Shi'ite cleric Moqtada al-Sadr gestures during his first public appearance since returning from nearly four years of self-imposed exile in Najaf, south of Baghdad, Iraq, 08 Jan 2011
Shi'ite cleric Moqtada al-Sadr gestures during his first public appearance since returning from nearly four years of self-imposed exile in Najaf, south of Baghdad, Iraq, 08 Jan 2011

Anti-U.S. cleric Moqtada al-Sadr addressed his followers in the Iraqi city of Najaf Saturday after returning from a nearly four-year stint studying Shi’ite theology in Iran. 

Thousands of supporters came to cheer their long absent leader after his self-imposed exile in Iran.   

Moqtada al-Sadr left Iraq nearly four years ago when U.S. forces had reached a pinnacle of troop strength and now he was returning to a different Iraq, ready to assert its independence.

Much of Sadr’s rhetoric on Saturday drew applause with many in the crowd being devoted supporters.

Iraq is still occupied, Sadr claims, and his followers must continue to resist the occupiers - U.S. and others - by all possible means.
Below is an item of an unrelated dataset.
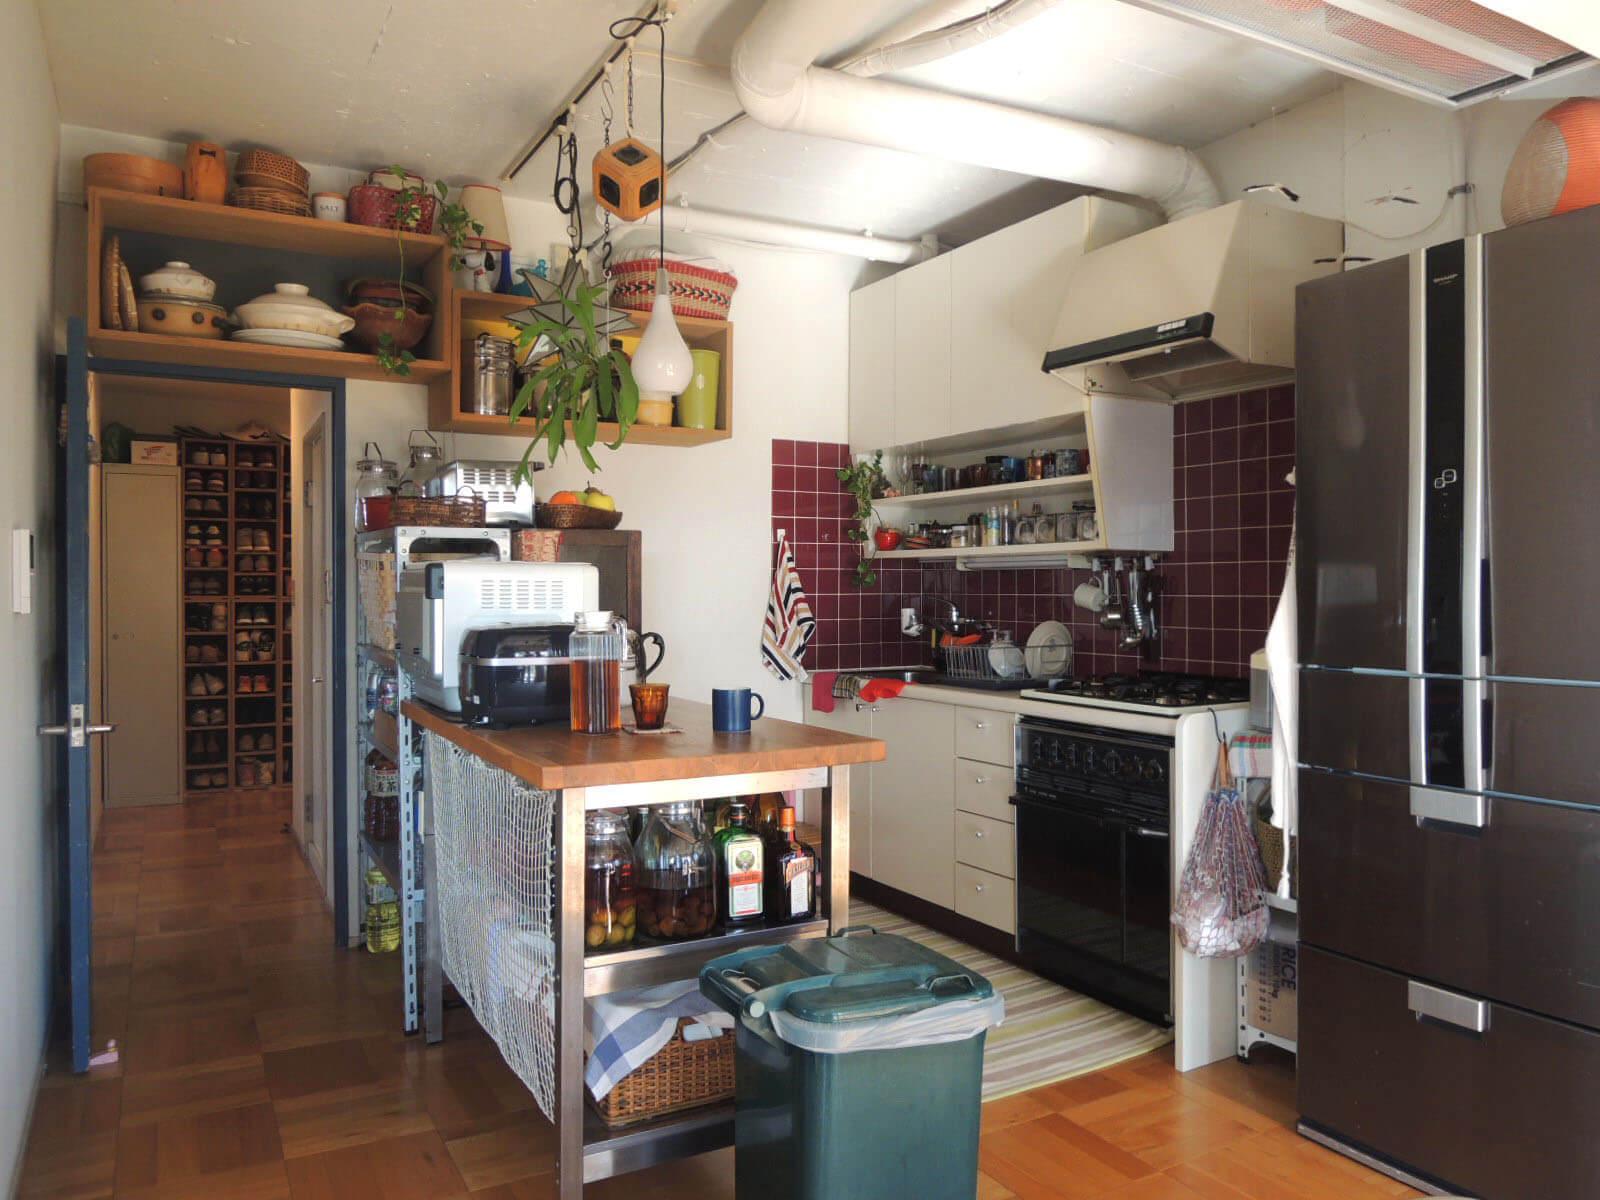 持込家具でかわいらしく整理されたレトロキッチン

He then urged the crowd to chant ‘down with the occupant.’

At the gathering in the Shi’ite stronghold of Najaf,  Sadr appeared  to have buried his longstanding animosity with Iraqi Prime Minister Nouri al-Maliki, whose recently formed government he finally agreed to support. That support, however, is tempered.

He says that the Iraqi government has now been formed and that he is willing to support it if it serves the interests of the people. If not, he threatens vaguely, there are avenues to pursue.
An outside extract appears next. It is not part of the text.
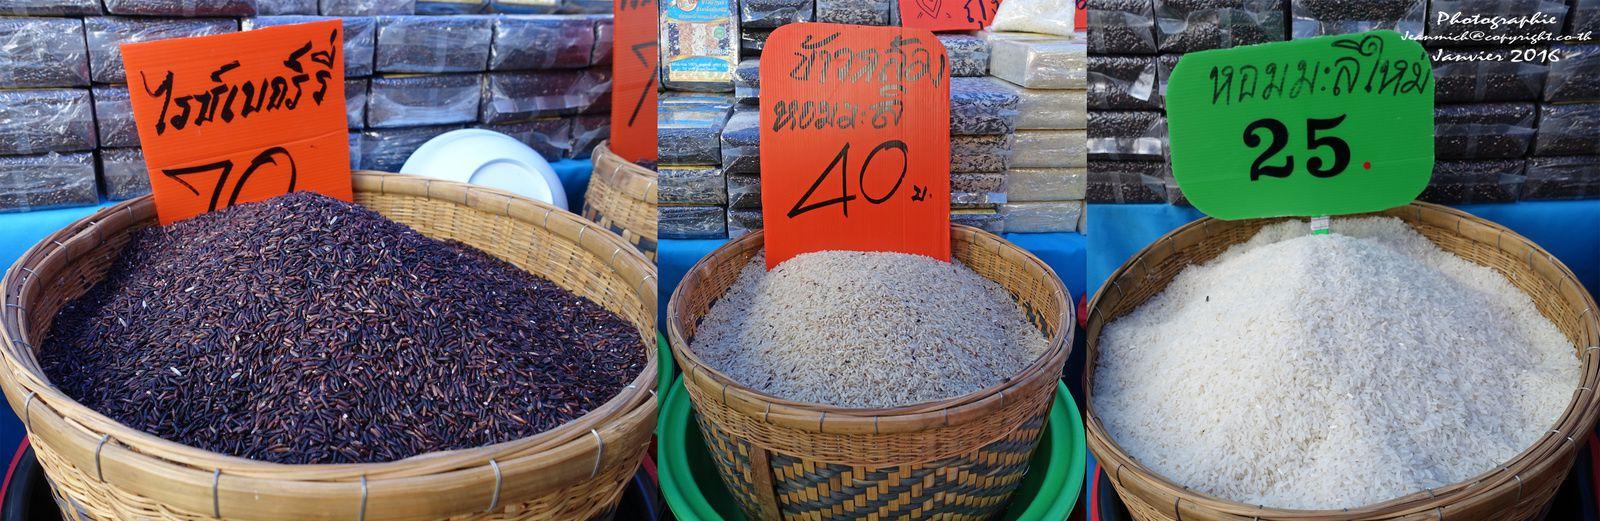 Foire agricole de Khon Kaen (III) le côté gastronomique...

Mr. Maliki, for his part, addressed Moqtada al-Sadr and others, telling a gathering of Iraqi police officers his erstwhile opponents are now in the government and should stop complaining.

He insists that no one should complain that he has been deprived of a place within the government, and so no one should flout the law and create disturbances.

Iraq expert James Denselow of Kings College in London stresses that Moqtada al-Sadr is a "component of Iran’s strategy in Iraq," and that Sadr has "shown himself to be pragmatic enough to abstain from violence," as the U.S. prepares to withdraw by year’s end.

Sadr’s fiery rhetoric, he notes, looks calculated to resemble the lingo of Lebanon’s Hezbollah, and his politics appears to center on Hezbollah’s state-within-a-state model.

"The Hezbollah model is shown clearly in his comments," said Denselow. 'He will use the government as far at it is useful for him and his party and he will see the state as a prize to be captured and to be sort of patronized in terms of his supporters through ministries and through finance, but he will not necessarily look to build the central state and Maliki as independent actors to themselves."

Meanwhile, Prime Minister Maliki, he argues, has both domestic and regional issues to deal with, trying to keep his fragile coalition together and trying to please both the Arabs and the Iranians. As evidence of the fence he now straddles,  Mr. Maliki hosted Arab League chief Amr Moussa Saturday, asking to host the next Arab summit. The visit came just 48 hours after that of Iran’s new acting Foreign Minister Ali Akbar Salehi.